Decouples expression semantics from SQL syntax by using SQLGlot's dialect abstraction layer, allowing a single expression tree to compile to 15+ SQL dialects without backend-specific branches in the compiler. The type mapping registry (ibis/backends/sql/type_mapping.py) is extensible per backend, enabling custom type coercion rules.
More flexible than hand-written SQL templates because it generates syntactically correct queries for each dialect automatically; more maintainable than Pandas + backend-specific adapters because the compilation logic is centralized and tested against all backends.
window function support with partitioning and ordering
Medium confidenceImplements window functions (rank, row_number, lag, lead, sum over window, etc.) with support for partitioning and ordering, enabling analytical queries like running totals, rankings, and moving averages. The system compiles window functions to backend-specific SQL syntax (OVER clauses in SQL, window specs in Spark), handling differences in window function support across backends and providing fallback implementations where needed.

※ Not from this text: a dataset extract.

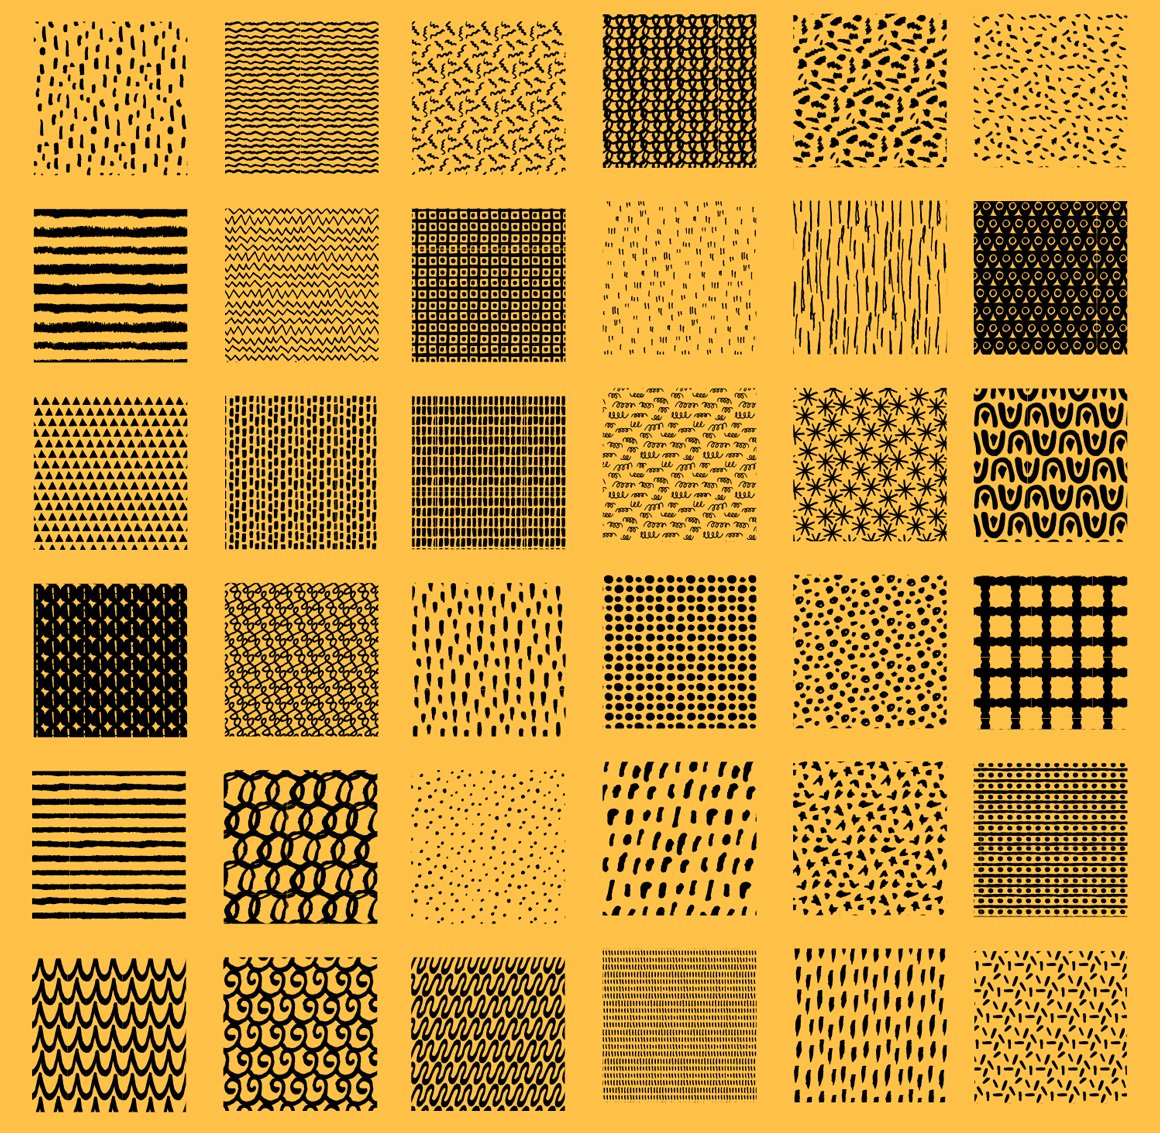 Patts Brush Collection for Adobe Illustrator

Abstracts window function syntax across backends by providing a unified API (e.g., t.column.sum().over(ibis.window(partition_by=..., order_by=...))) that compiles to backend-specific window function syntax. The system handles backends with limited window function support by providing fallback implementations.
More portable than raw SQL window functions because the same code works across backends; more readable than Spark's Window API because it uses method chaining instead of function calls.
join operations with multiple join types and complex join conditions
Medium confidenceSupports multiple join types (inner, left, right, full outer, cross, anti, semi) with complex join conditions (multi-column joins, inequality joins, complex boolean expressions). The system compiles joins to backend-specific SQL syntax and handles differences in join semantics across backends (e.g., how NULL values are handled in join keys).
Supports complex join conditions beyond simple equality (e.g., t1.a > t2.b) by representing joins as operation nodes with arbitrary boolean expressions, not just column equality. The system compiles these to backend-specific SQL, handling backends with limited join support.
More flexible than Pandas merge (which only supports equality joins) because it supports inequality joins and complex conditions; more portable than raw SQL because the same code works across backends.
aggregation and grouping with multiple aggregation functions
Medium confidenceImplements group_by() and aggregate() operations that support multiple aggregation functions (sum, mean, count, min, max, stddev, etc.) applied to different columns, with optional filtering and ordering of results. The system compiles aggregations to backend-specific SQL GROUP BY clauses and handles differences in aggregate function support and naming across backends.
Supports multiple aggregations in a single operation by building an aggregation expression tree that compiles to a single GROUP BY query, rather than requiring separate aggregations and joins. The system optimizes aggregation order to minimize data movement.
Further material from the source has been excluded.